Organizou e publicou, com Gracinha Rego, a antologia poética Girassóis para Neusa (Niterói, 2003). No ano 2004, lançou o livro de poesias Revelação (Editora La Place, Niterói). Traduziu para o esperanto e publicou o livro infantil La adiaŭo de la armiloj (O adeus das armas), do médico e acadêmico Salvador Borges Filho, obra ilustrada pelo artista plástico Miguel Coelho (Editora Cooperativa Cultural dos Esperantistas, Rio de Janeiro, 2004). Traduziu para o esperanto poemas seus e de outros poetas tais como: Maria Sabina, Carlos Drummond de Andrade, Carlos Alberto dos Santos, Jacy Pacheco, assim como o conto “Amo, stranga amo” (“Amor, estranho amor”), de Rinaldo Brandão), publicado em revistas do Brasil, da Suíça e da Rússia. É verbete na Enciclopédia de literatura brasileira, de Afrânio Coutinho e J.Galante de Sousa, no Dicionário biobibliográfico de escritores contemporâneos do Estado do Rio de Janeiro, de Eduarda Zandron, e no Dicionário biobibliográfico de escritores brasileiros contemporâneos, de Adrião Neto. 

Gravou, em fita de vídeo, para o projeto coordenado por Lauro Gomes de Araújo, diretor cultural da Associação Atlética Banco do Brasil/Niterói, o 51º depoimento da série “Personalidades de Niterói” quando foi entrevistada pelos escritores e membros da Academia Fluminense de Letras, Edmo Rodrigues Lutterbach, Armando Vaz e Marly Prates.
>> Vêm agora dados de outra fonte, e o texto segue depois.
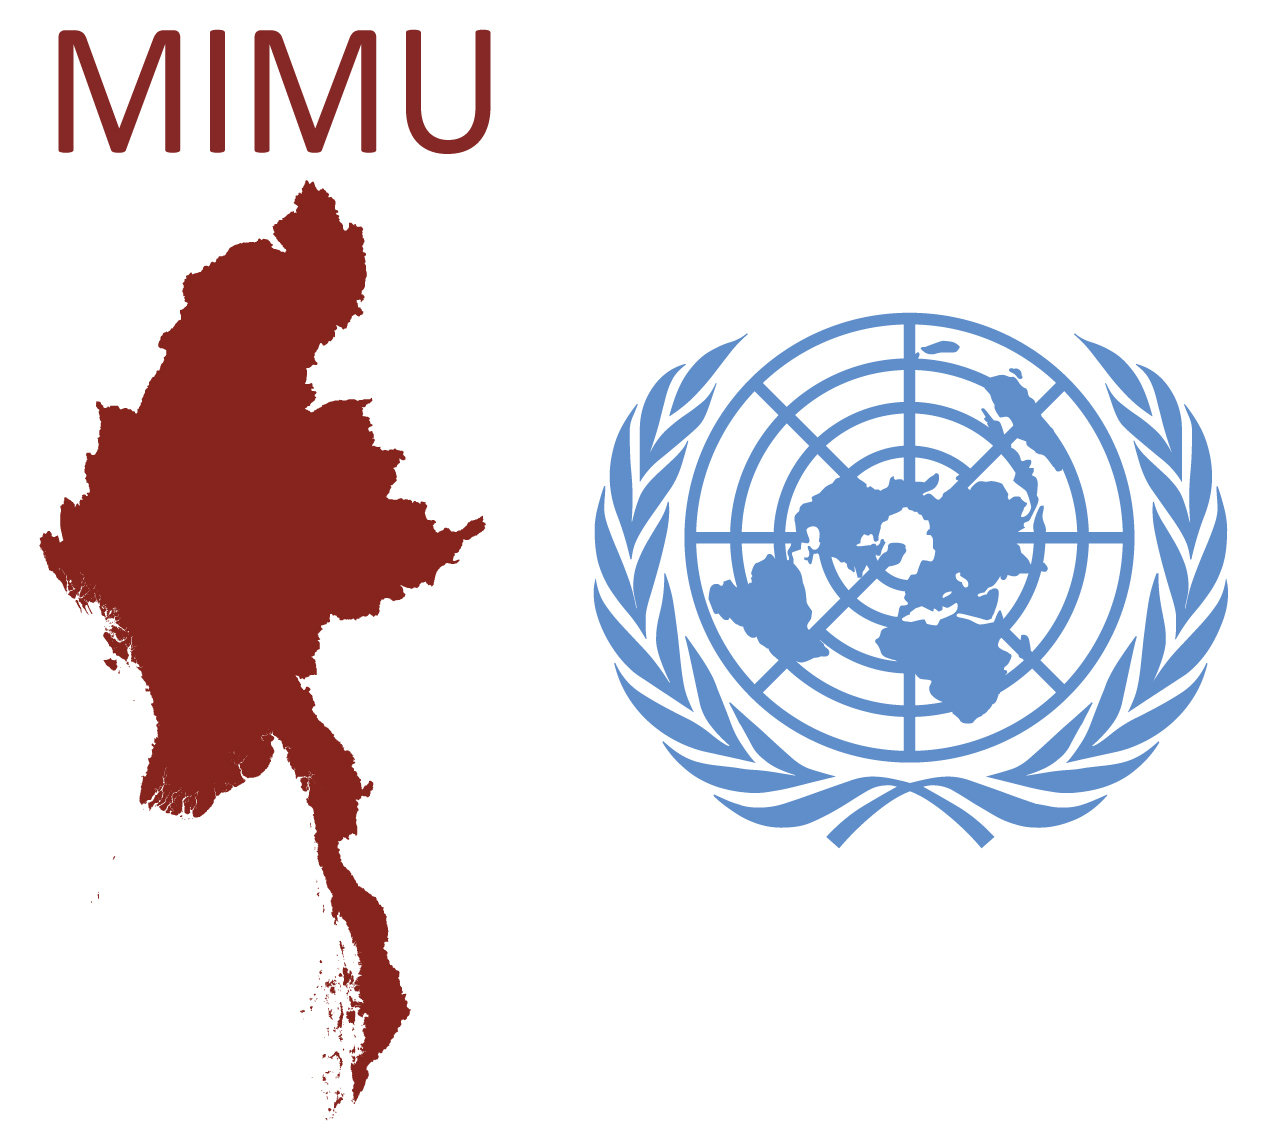 myanmar-information-management-unit-mimu
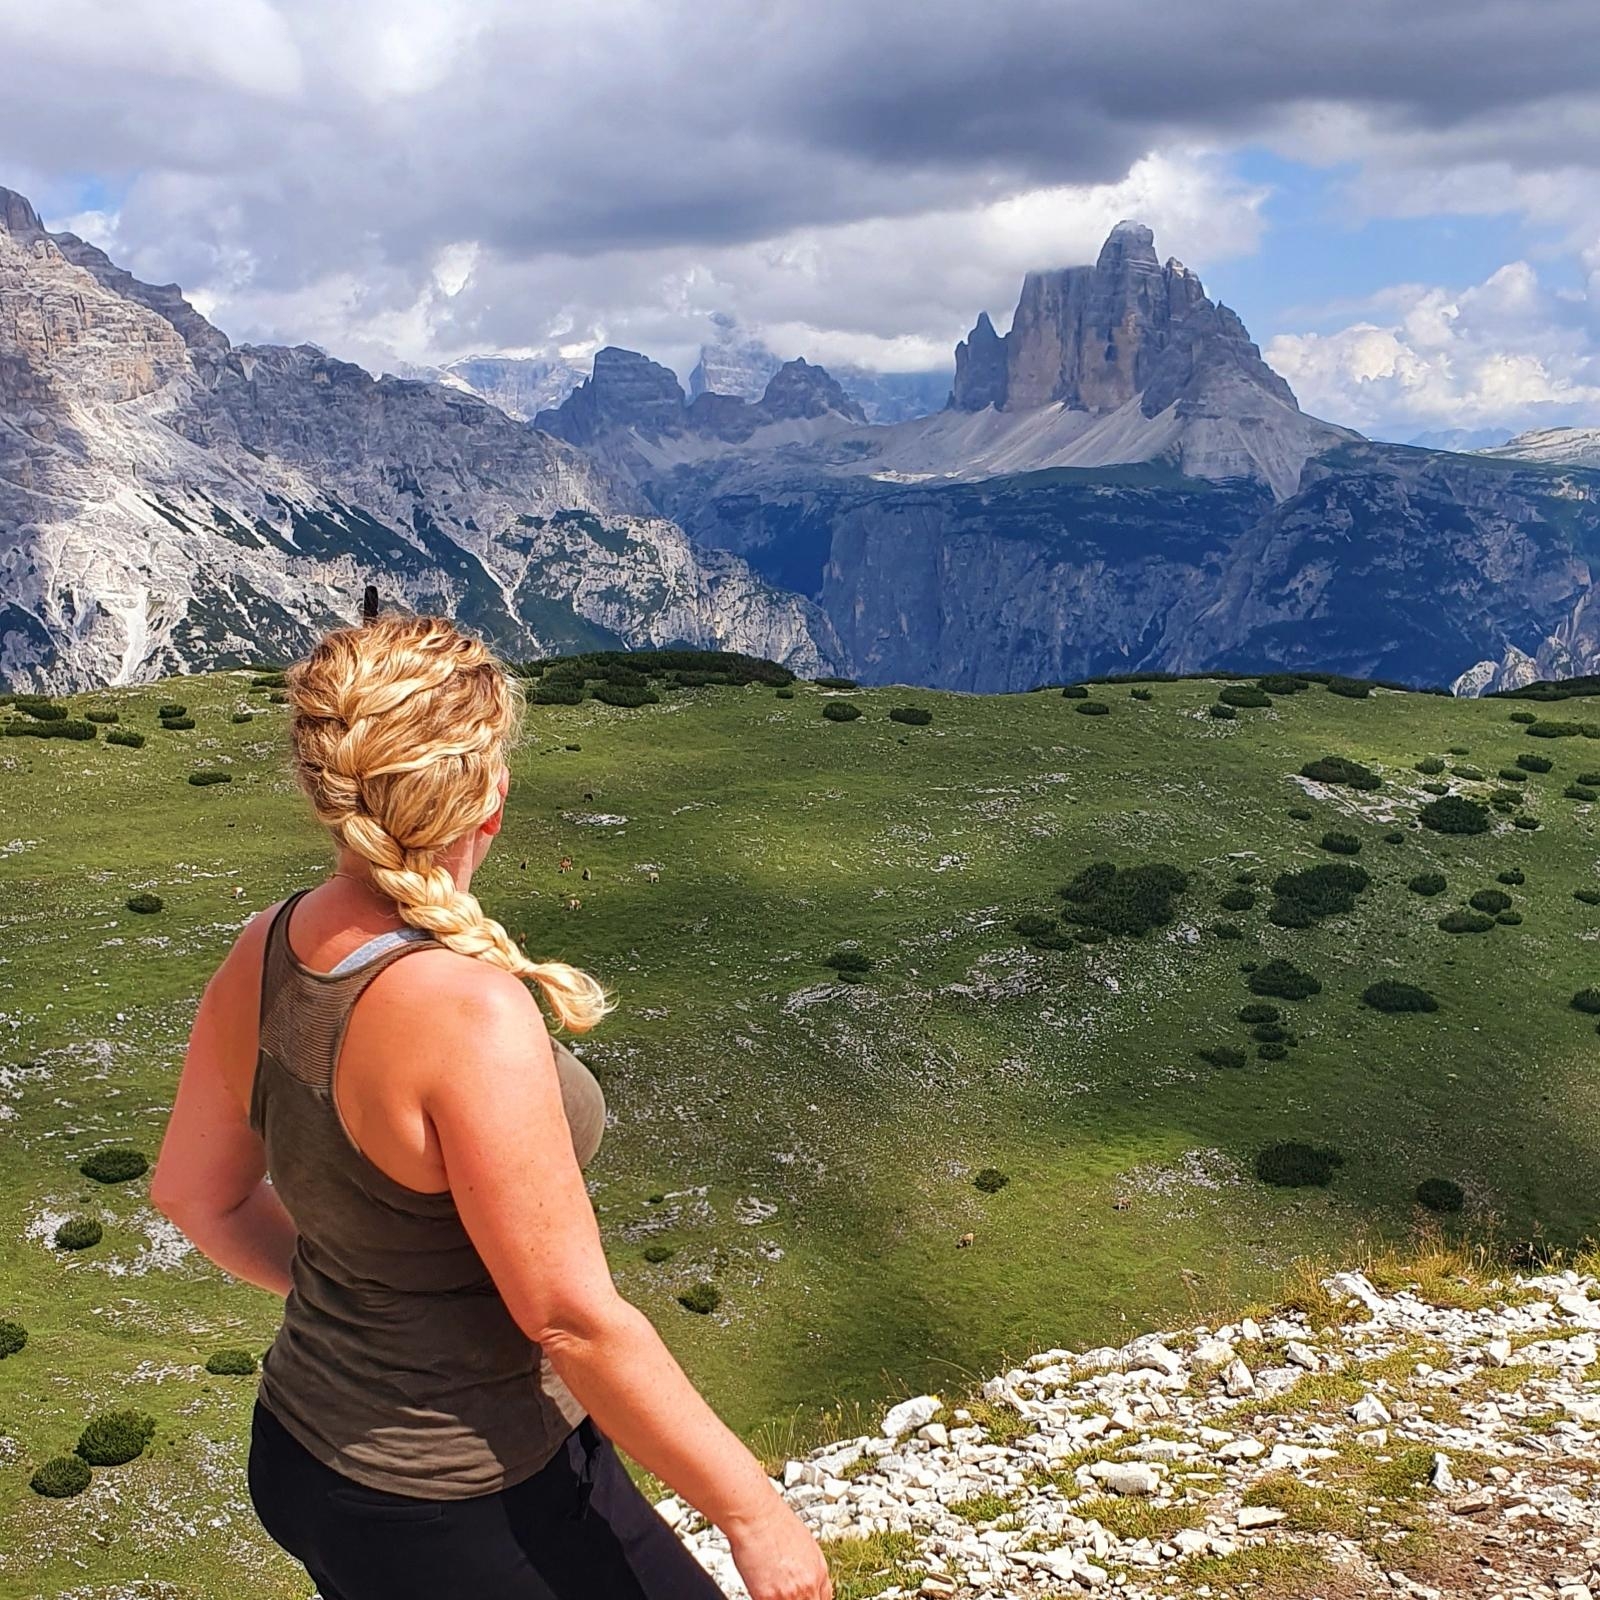 #travelchallenge 
#wandern in den Dolomiten / Südtirol mit Blick auf die drei Zinnen ⛰🧭🏞

Declamou na Academia Brasileira de Letras, na Academia Fluminense de Letras, na Academia Niteroiense de Letras, na Sala Cecília Meireles, na Associação Brasileira de Imprensa e em teatros, clubes e faculdades. Declamando e cantando, apresentou-se em teatros, auditórios e salas de concerto de Brasília (DF), Fortaleza (CE), Natal (RN), Campo Grande (MS); Belo Horizonte, Barbacena e Juiz de Fora (MG); Vitória (ES), São Paulo e Ribeirão Preto (SP), Curitiba (PR), Porto Alegre (RS). Em Arouca (Portugal), declamou poemas de autores brasileiros e lusitanos. 

Em Viena (Áustria) e Montpellier (França), em congressos esperantistas, declamou em esperanto e integrou o Coral Internacional, sob a regência do maestro búlgaro Dimitar Terziev. Integrou o Coral Alceu Amoroso Lima, da Assembleia Legislativa do Estado do Rio de Janeiro. Em Niterói, como solista, cantou no Teatro Municipal João Caetano, no Teatro da Universidade Federal Fluminense e no Teatro da União dos Professores Primários do Estado Ainda como solista, apresentou-se  no Teatro Câmara Torres, em Angra dos Reis (RJ), no auditório da CEFET – Centro Federal de Ensino Técnico de Campos, Campos dos Goytacazes (RJ), no Teatro do SESC- Belo Horizonte (MG), no Teatro Deodoro, em Maceió (AL) e no Teatro da Assembleia Legislativa de Porto Alegre (RS).